Opinion | Behold the Strange Spectacle of Christians Against Empathy
I understand the desire of many Americans not to fund ideological projects that run counter to their values. But Christians are turning on the programs and groups that they helped create. That won’t solve our budget crisis. It won’t end the culture war. It will, however, harm the people Scripture commands us to care for.
There is nothing woke about medicine or food.
Some other things I did
Steve Bannon inspired my Sunday column. When my colleague Ross Douthat interviewed him a couple of weeks ago, Bannon said, “Trump came down in June of 2015, and for 10 years there’s been no real work done to even begin to understand populism, except that the deplorables are an exotic species like at the San Diego Zoo.” This made me laugh. Here’s why:
Ever since Trump began winning Republican primaries in 2016, there has been a desperate effort to understand populism. JD Vance is the vice president in part because of that effort. His book, “Hillbilly Elegy,” which came out shortly after Trump became the presumptive Republican nominee, was a monumental best seller because so many Americans — including liberal Americans — wanted to understand the culture and ideas that brought us Trump.
If you consume political media, you’ve no doubt seen the countless focus groups of Trump voters, and you’re familiar with the man-on-the-street interviews with Trump supporters at Trump rallies. We’ve read books, watched documentaries and listened to podcasts.
And if you live in Trump country, as I do, you’ll find that Trump voters are very eager to explain themselves. This is not a quiet movement. They don’t exactly hide their interests and passions.
On Monday, we published my audio interview with Judge Jeffrey Sutton, the chief judge of the U.S. Court of Appeals for the Sixth Circuit. I wanted to ask him to define originalism, the philosophy that guides a majority of the court. I also asked him to describe the court’s power to enforce its judgments:
French: Let’s talk about how judicial decisions are enforced. What are the tools at your disposal to enforce a decision? In my life, in my litigation career, I never really thought that through because once we got a decision from the court, everybody just did it. But what are the enforceability tools that reside with the judiciary? Do you have any real substantial tools?

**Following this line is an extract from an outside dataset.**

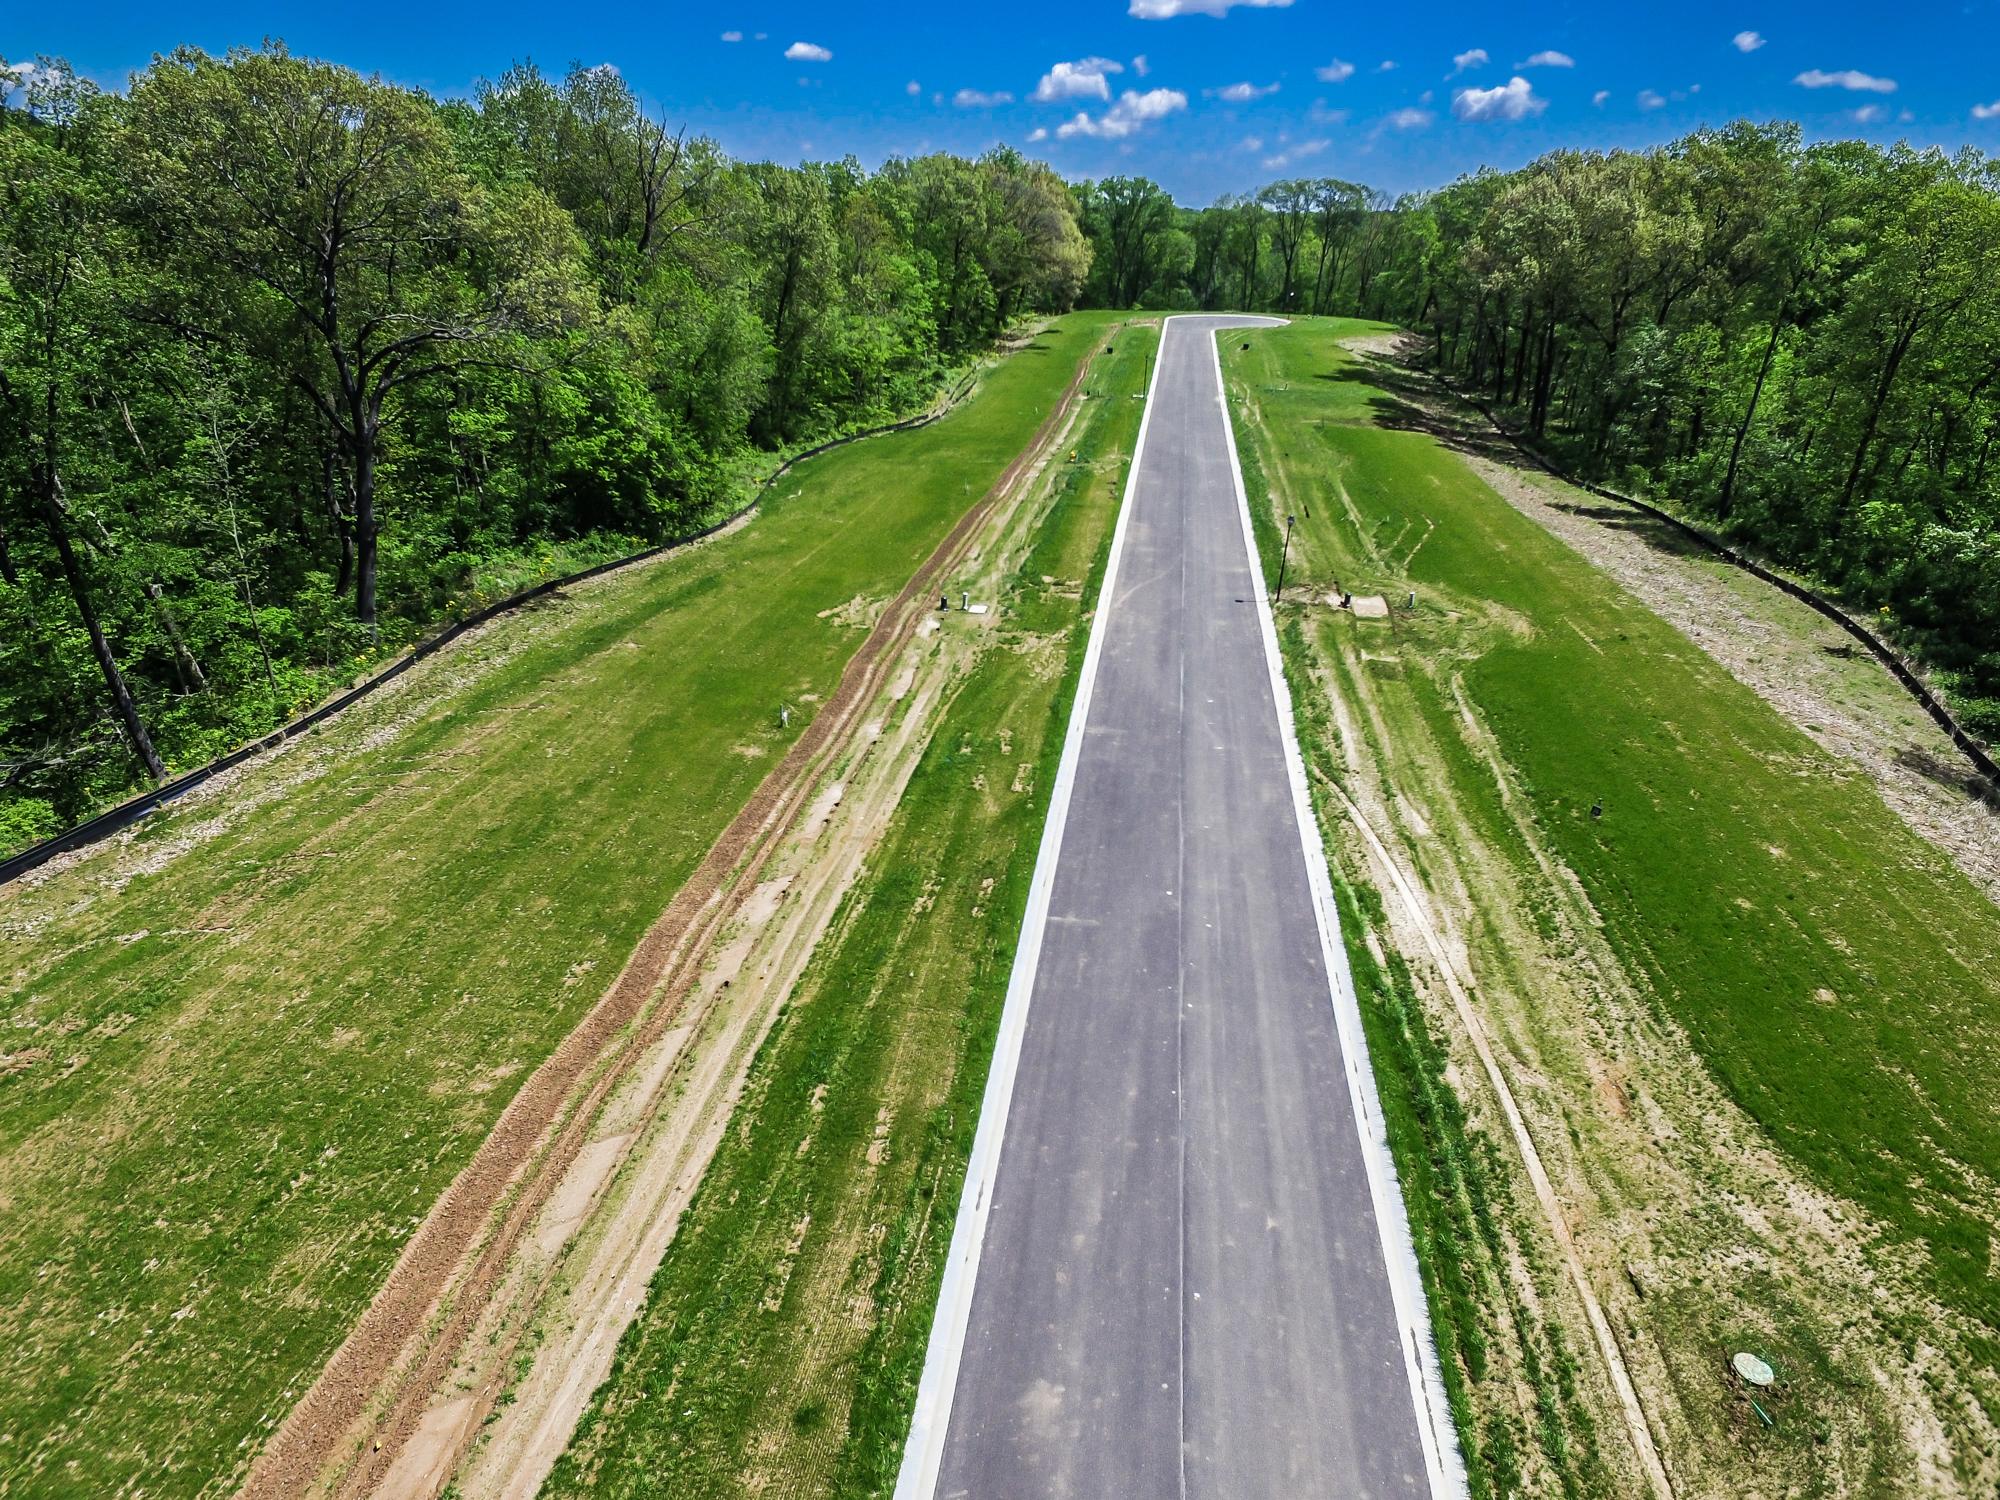 Bethel_Ridge_Farms_O'Fallon_Illinois_Aerials_Progress_5.3.17-6.jpg

Sutton: Well, not really. We famously do not have the power of the Treasury. We don’t have the power of the sword. We don’t have the military to enforce our decisions. We issue judgments, and those judgments are enforceable. We have U.S. marshals. So, for example, if someone is convicted of a crime, there’s a U.S. marshal to enforce the judgment.

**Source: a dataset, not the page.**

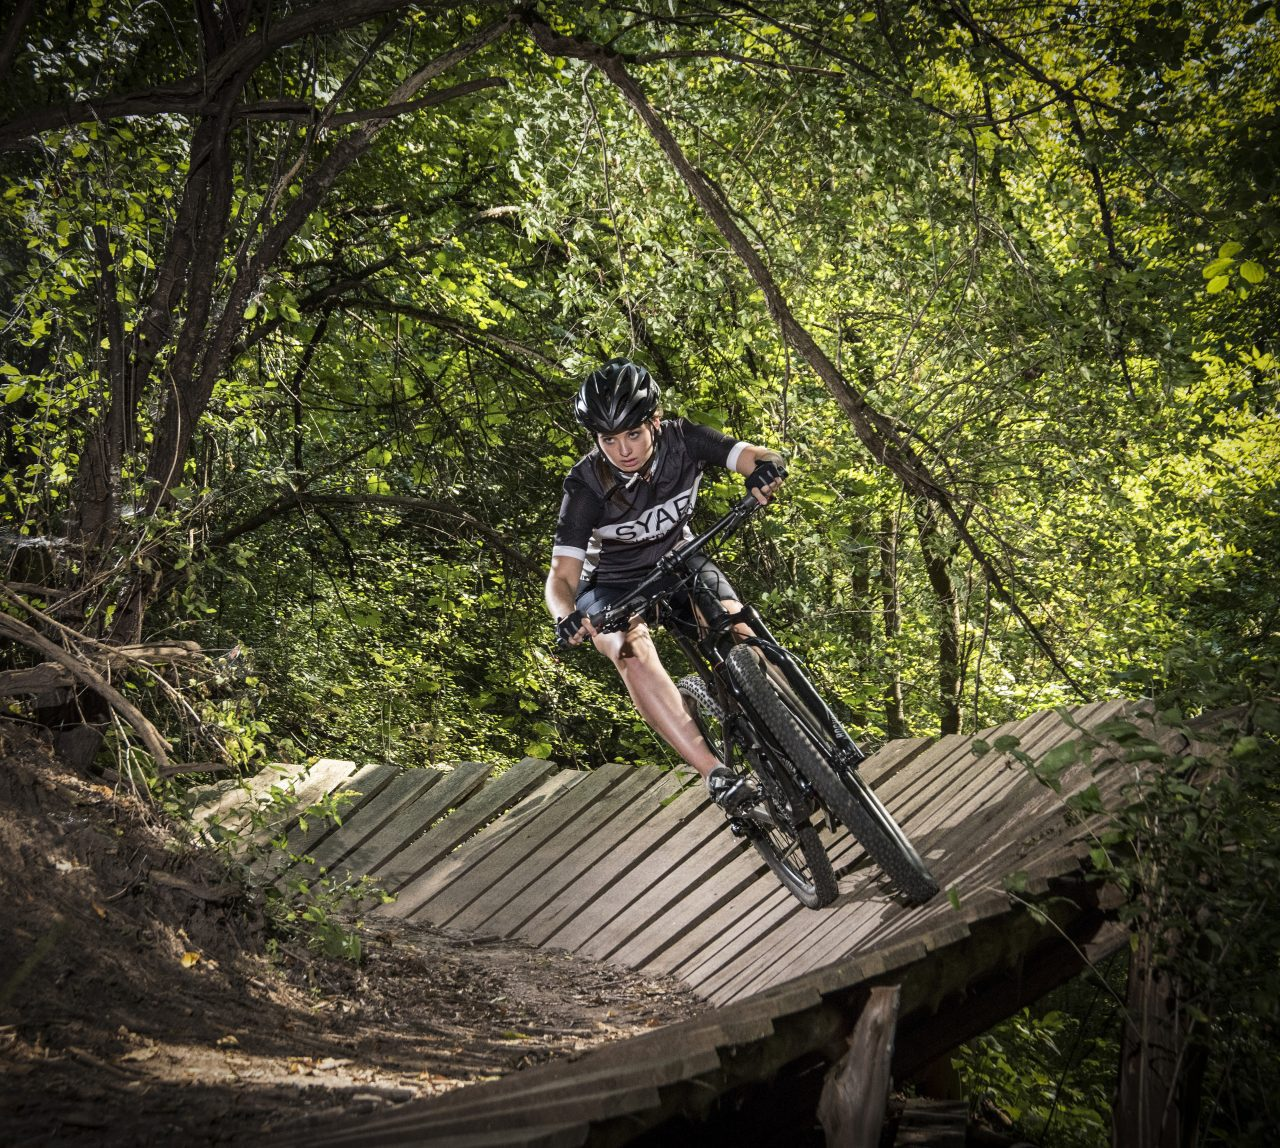 trail riding, sports

But when you think about the court invalidating a state law, that’s a little trickier. All we can do is issue the judgment. And in fact, let’s just say it’s a provision in a state statute. We say it’s unconstitutional — it’s still there. There’s no power of erasure. We don’t take it off the books. It’s still sitting there. The question is whether someone relies on it.
I think the reason, at least historically, in the last 100 years people have relied on those things are twofold. One is trust and faith in the courts, which, of course, is really important. But the other is the self-interest problem that if you’re a government that refuses to follow a judgment, you’re going to get a lot of lawsuits.
You’re going to have to pay attorneys’ fees for all of those lawsuits. That gets very expensive very quickly. And then you might be sanctioned, which — contempt can mean going to jail if you’re an officer of a government, or sanction could be monetary.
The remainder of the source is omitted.